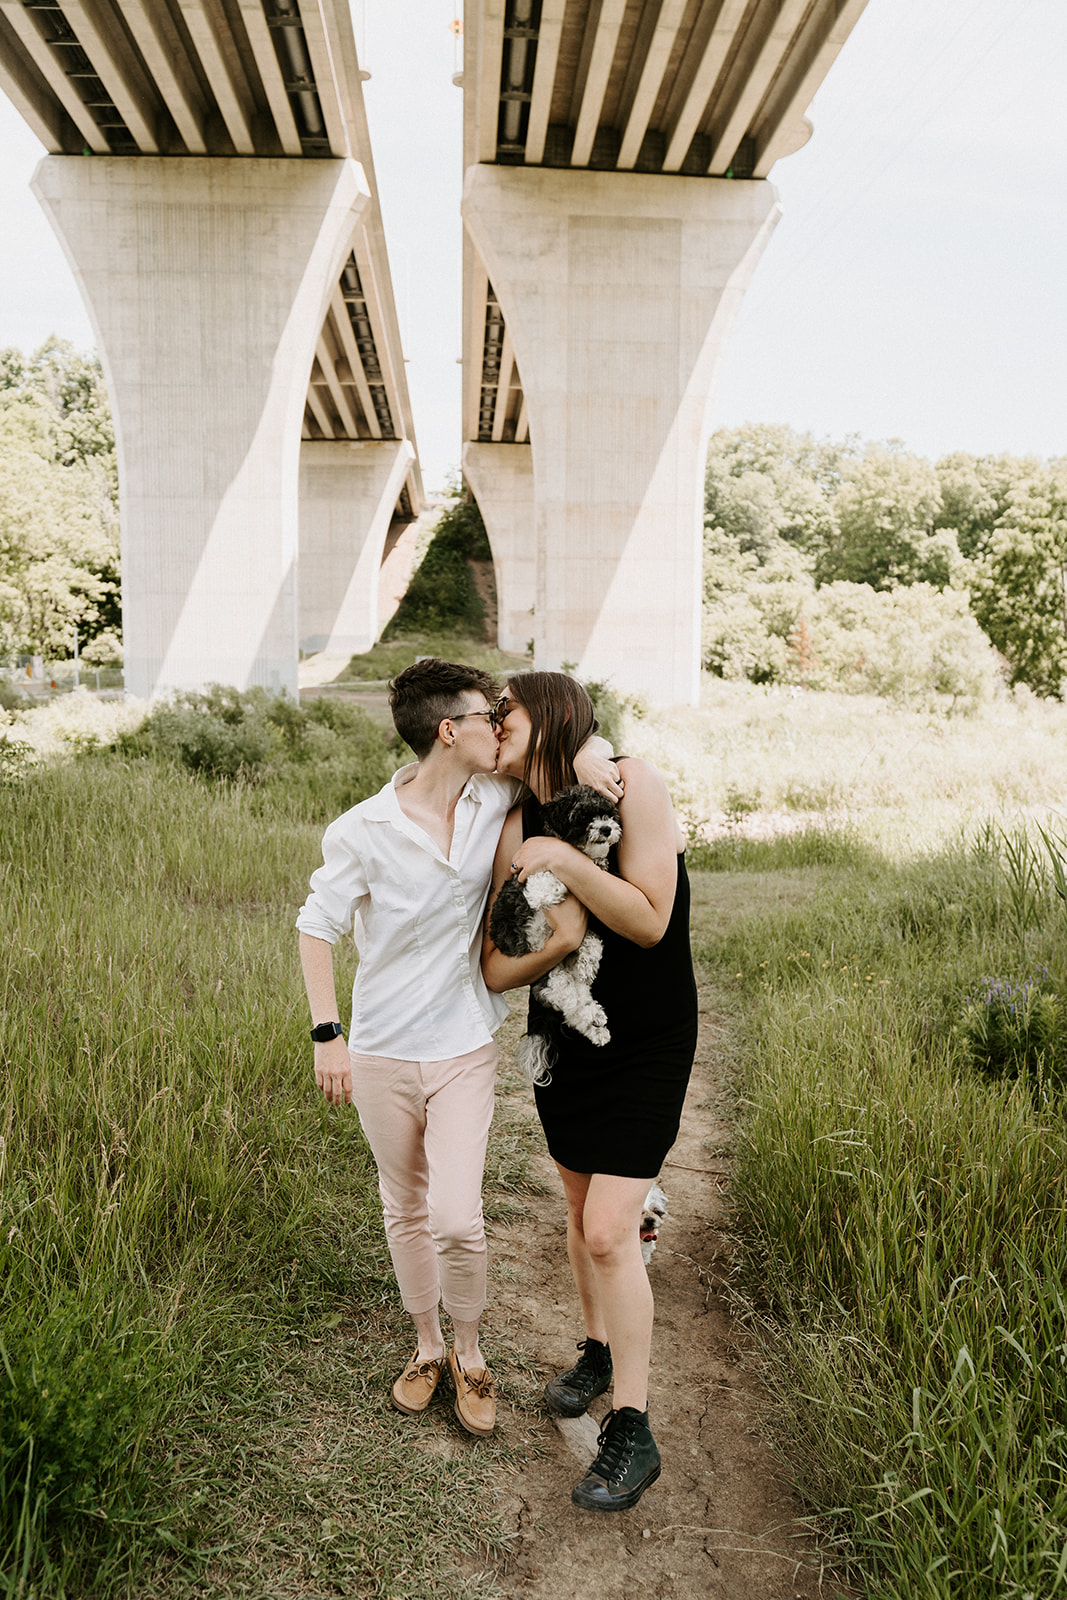 Two people kissing underneath an overpass by the creek.
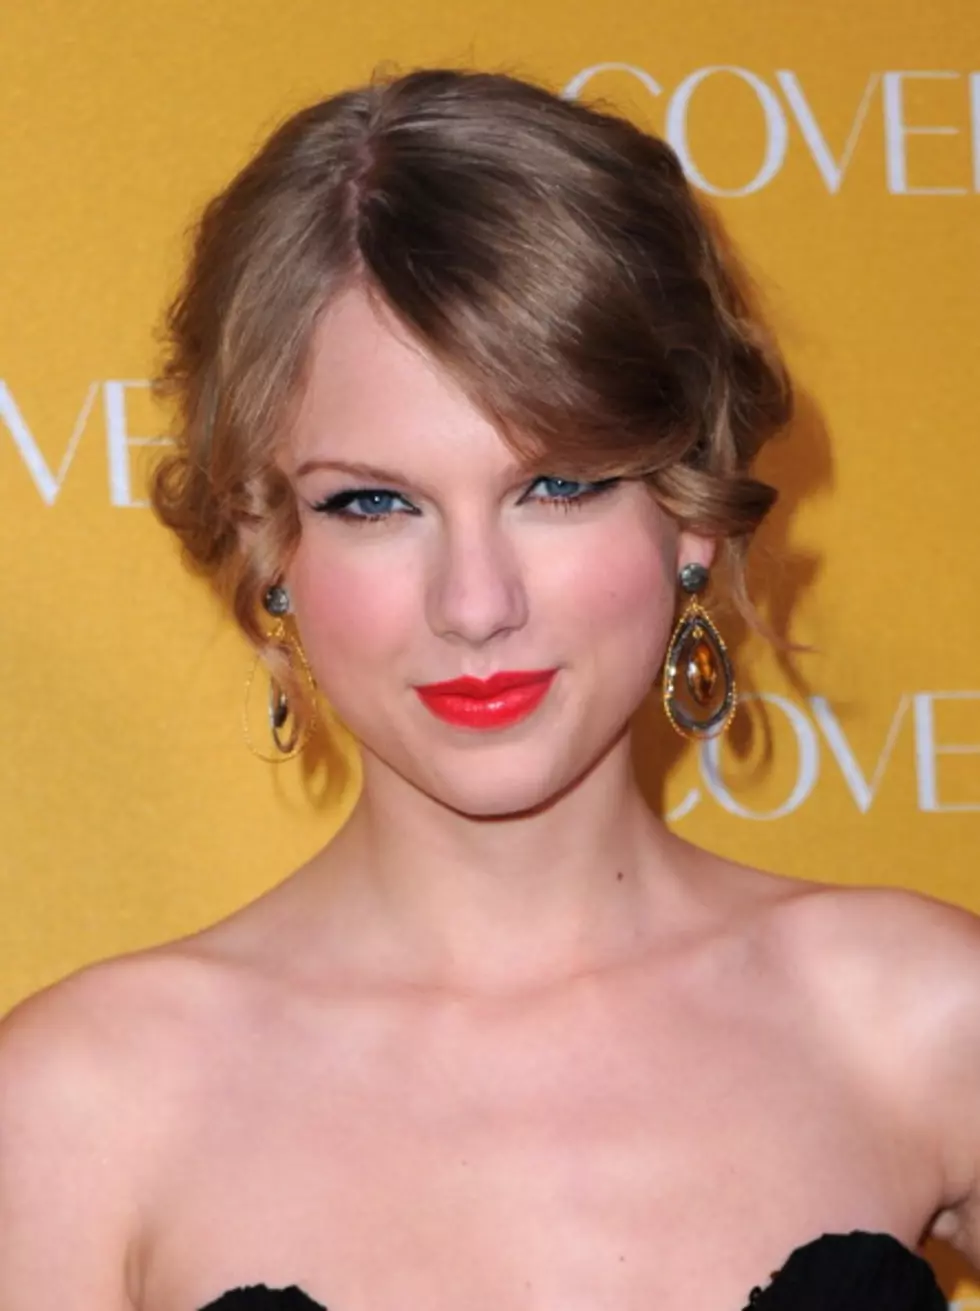 Alabama Student asks Taylor Swift to &#8220;Our Prom&#8221; [VIDEO]
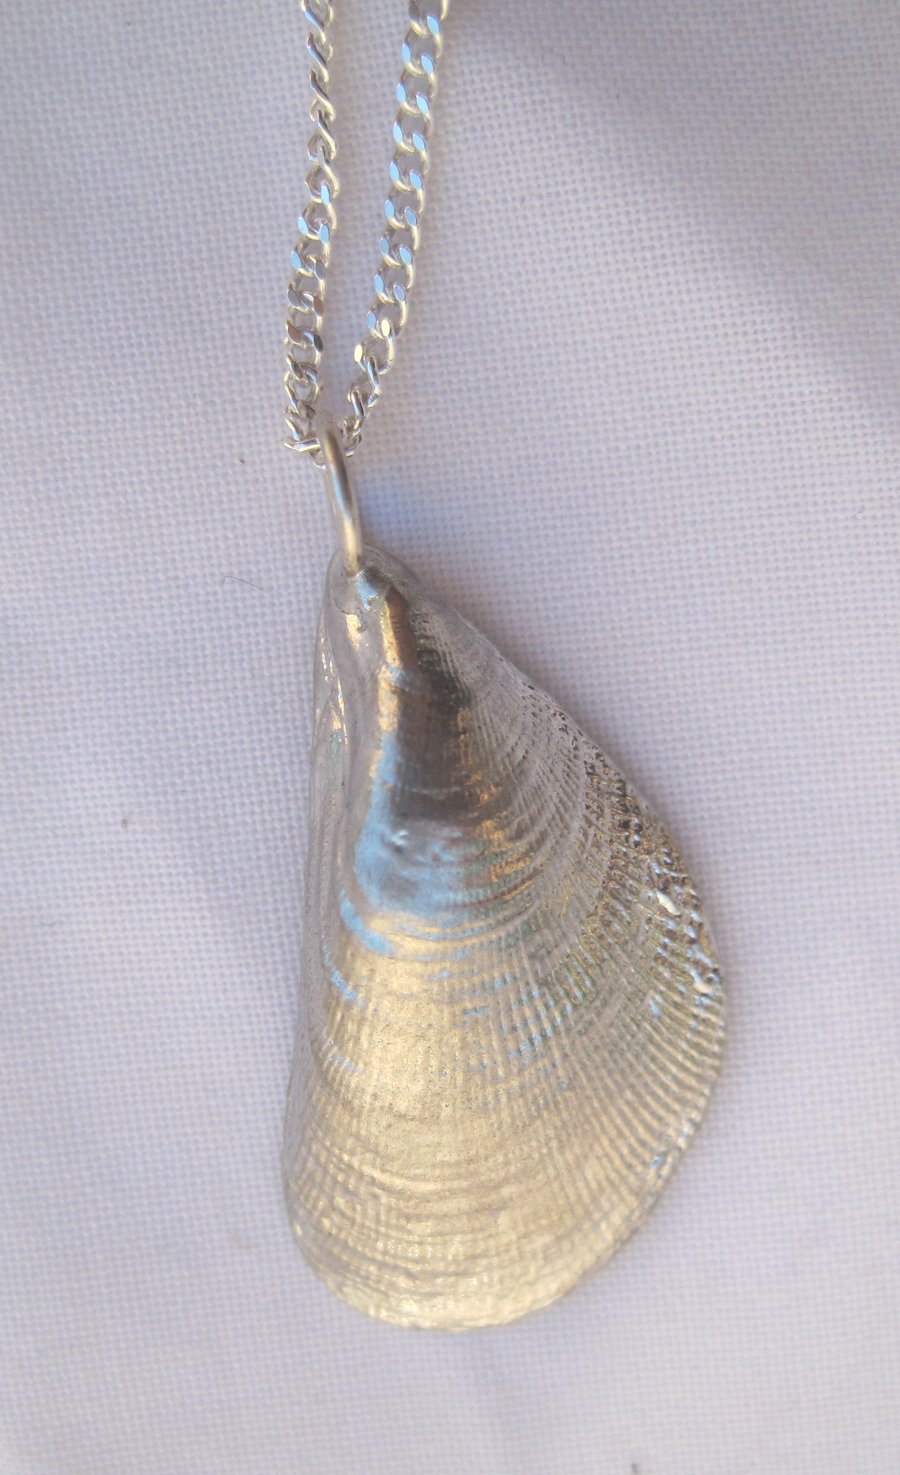 Textured mussel shell pewter pendant necklace with sterling silver chain

------------------------------------------------------------

The lines from the one containing "Alabama Student asks" through the last line of the data above are to be transcribed exactly, both included, with all pictures left out.

◆ Task solution
 Alabama Student asks Taylor Swift to &#8220;Our Prom&#8221; [VIDEO]
 Textured mussel shell pewter pendant necklace with sterling silver chain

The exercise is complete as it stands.